Buster Posey is on a power surge. Just one week after Doug embarrassed himself and this website by asking where Posey’s power went, the dingers came back. He has seven, which means he’s more than doubled his total from the entire second half last year. This is a welcome development.
Posey is also hitting .375, and while some of that is due to him finding holes and getting fortunate (it’s hard for a slow catcher to have a .376 batting average on balls in play, which explains why his career BABIP is .324), it’s also because he’s been the Giants’ best hitter. He’s walked more than he’s struck out. He’s hitting for average. He’s hitting for power. All systems go.
Except at the risk of being a drag, Baseball-Reference quantified something that a lot of us have noticed, and it’s not our minds playing tricks on us:
Buster Posey has hit 7 HRs and 11 RBIs, a ratio of 1.57 RBIs to HRs. The last time someone had a ratio that low over a full season was 1884 pic.twitter.com/ITnbLtKKis— Baseball Reference (@baseball_ref) May 16, 2017
This is absolutely impressive, just from a probability standpoint. You must be thinking that it’s Posey’s inability to hit with runners in scoring position, but that’s not it. He’s 6-for-22, which is good for a .273 average. That’s a hit away from hitting .318, and it’s not like one more hit with runners in scoring position would have made this post obsolete. Seven homers and 13 RBI is still weird.

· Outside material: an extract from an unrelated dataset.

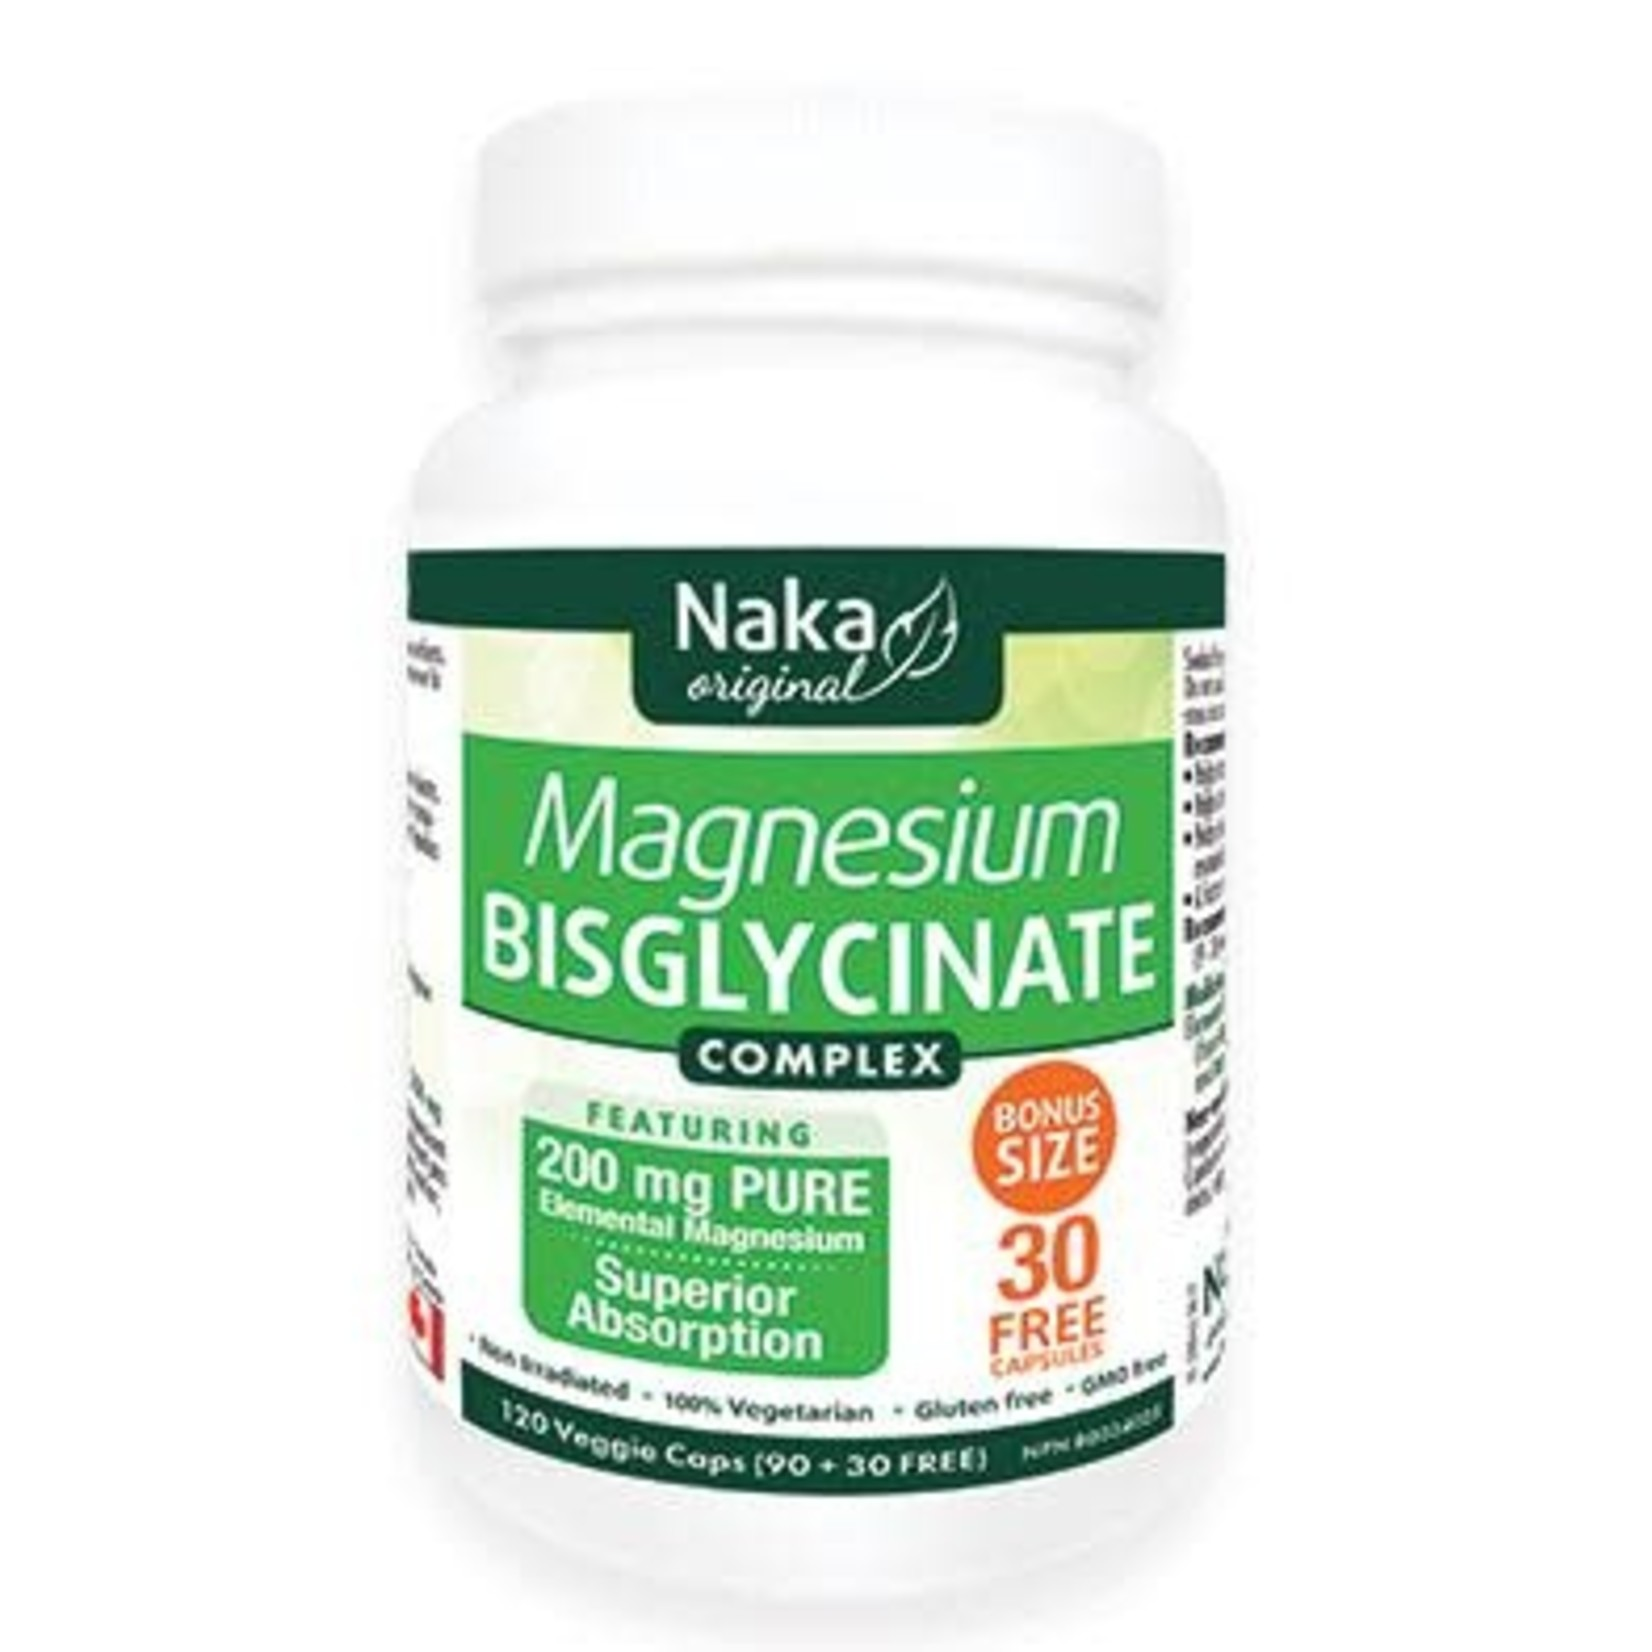 Naka Naka Magnesium Bisglycinate 120 caps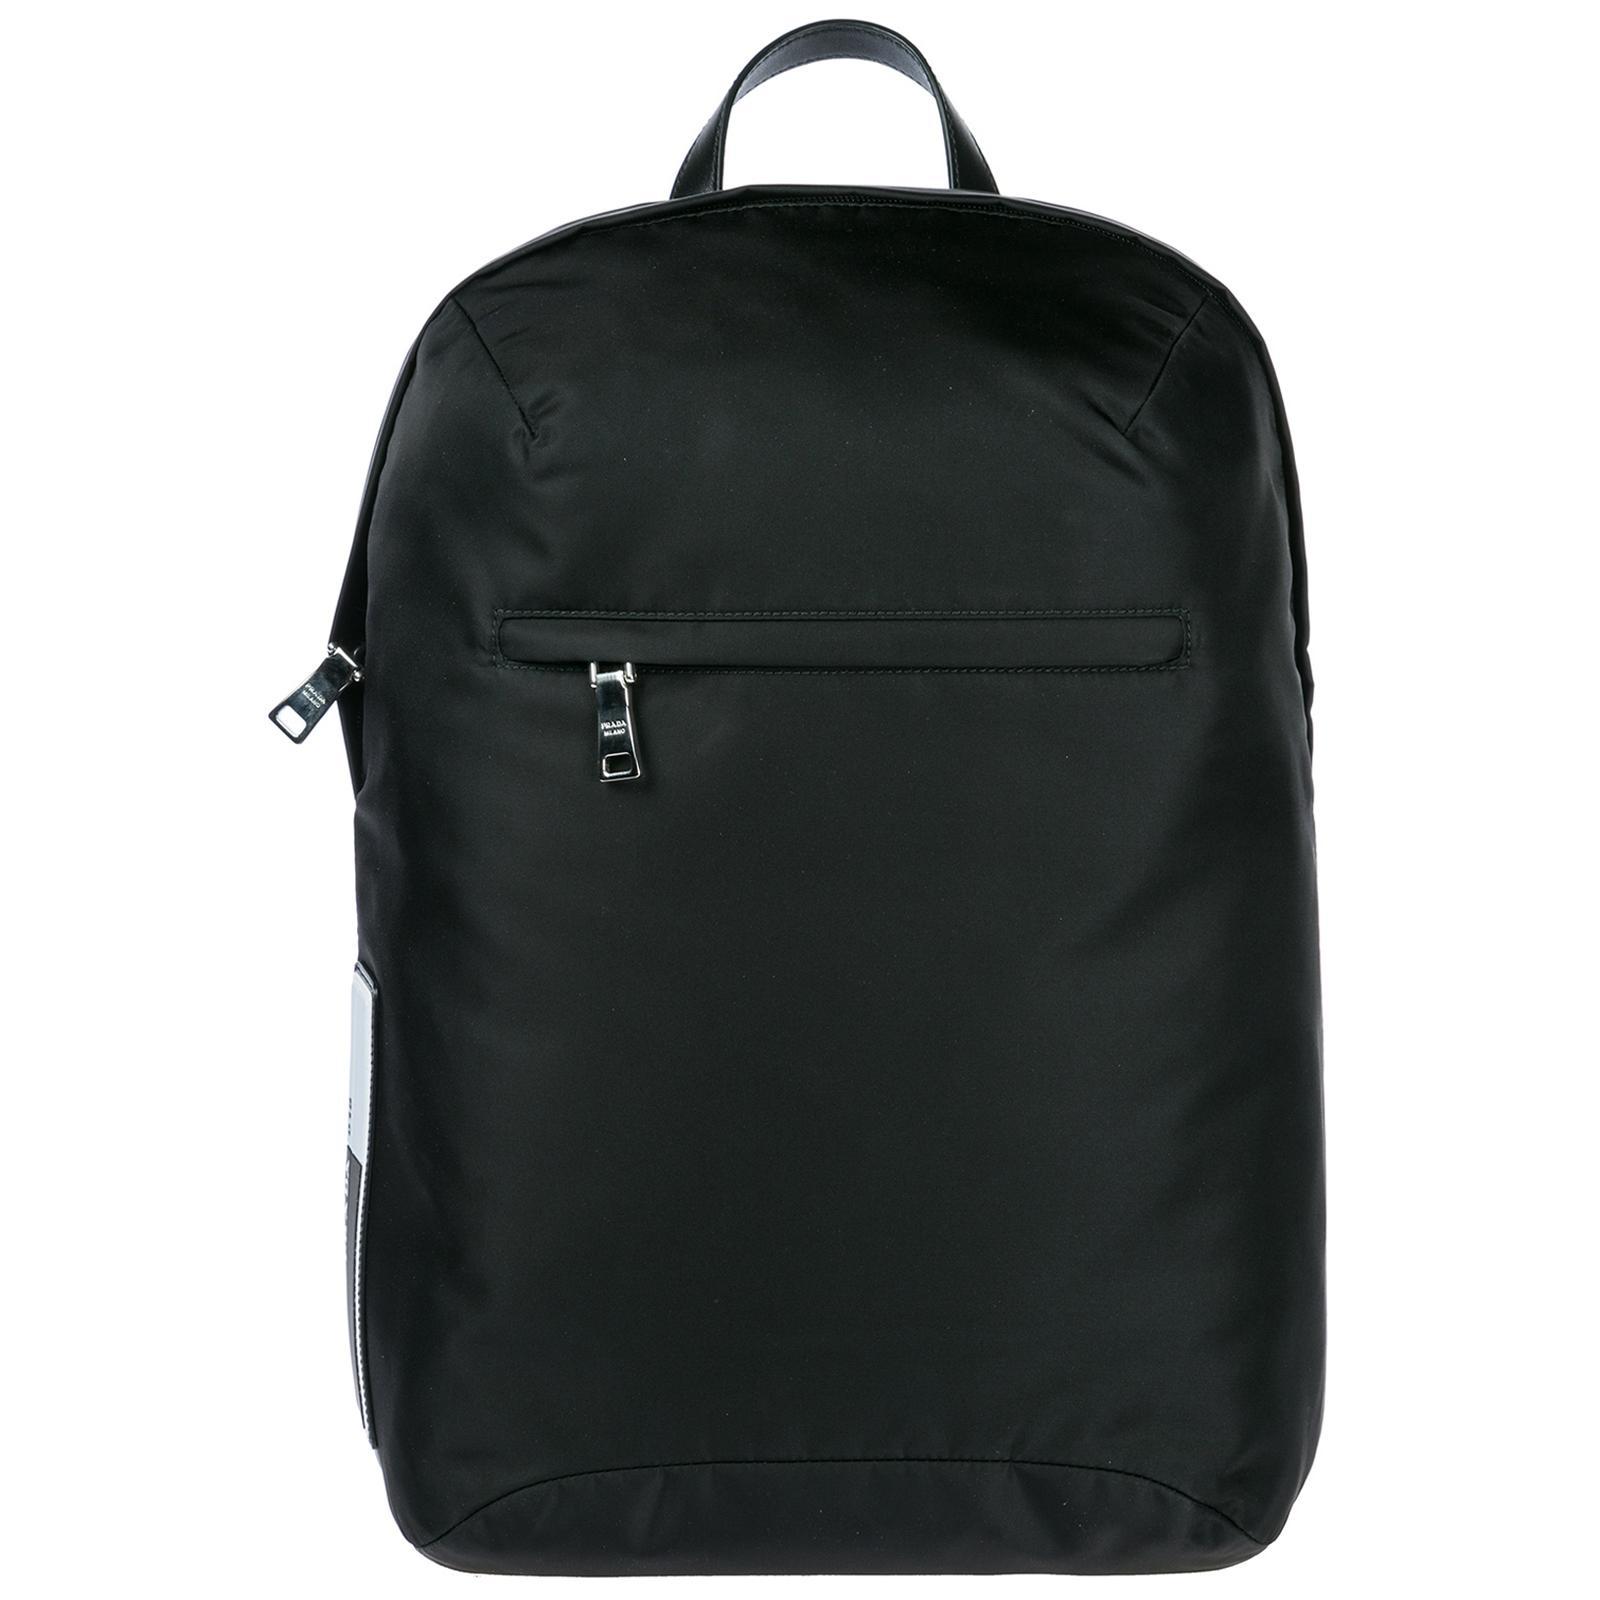 ec5ee2e4b926b Prada Nylon Rucksack Herren Tasche Laptop Schulrucksack In Black ...

So what’s the culprit? Baseball-Reference notes that the average MLB player with 124 plate appearances has just 14 RBI, so it’s here that we should remember Posey missed a little time, which certainly affects the raw totals. They also track the average numbers of runners on base for an MLB hitter with that many PA, and Posey’s a little under the norm. With 124 PA, a hitter should come up with 74 runners on base — 37 on first, 23 on second, and 12 on third. Posey has come with 68 runners, with 39 of them on first, 20 of them on second, and just nine on third. So he’s a little behind the average.
Except these averages are for all major leaguers, not cleanup hitters. Carlos Correa has hit cleanup for most of the year with the Astros, and even though he’s had just 31 more plate appearances than Posey, he’s come up with an extra 29 runners on base. Eric Hosmer has been hitting cleanup for the Royals, which is one of the only teams that can match the Giants’ struggles, and even he’s come up with an extra 31 baserunners, despite just a couple dozen more plate appearances.
No surprises, then. Posey missed a week, and he’s also come up with fewer baserunners. This is a fluke, and let Anthony Rendon tell you about how it can take a single game to make that ol’ RBI total look a lot more promising.
Mostly, your job is twofold: First, remember this the next time someone introduces RBI as evidence of a player’s worth. It’s not a good individual stat because it relies too much on circumstances and team strength. Eduardo Nuñez has more RBI than Posey even though he hasn’t hit a home run and has struggled for most of the season. This is not because Nuñez has been the better hitter.
Second, laugh at the quirkiness before it goes away. Because it will go away. If Posey continues to crush the ball (he’s sixth in the NL in OPS, just ahead of Paul Goldschmidt), more runs will follow. He’s the cleanup hitter, dang it. Denard Span looks rejuvenated. Joe Panik isn’t having an uncharacteristic season, and we call agree that Brandon Belt is a walking fool. Posey should have plenty of runners for future plate appearances. Maybe even when he hits one over the fence.
Until then, look at this freaky ratio. Seven homers. 11 RBI. What a weird season this has been on multiple levels.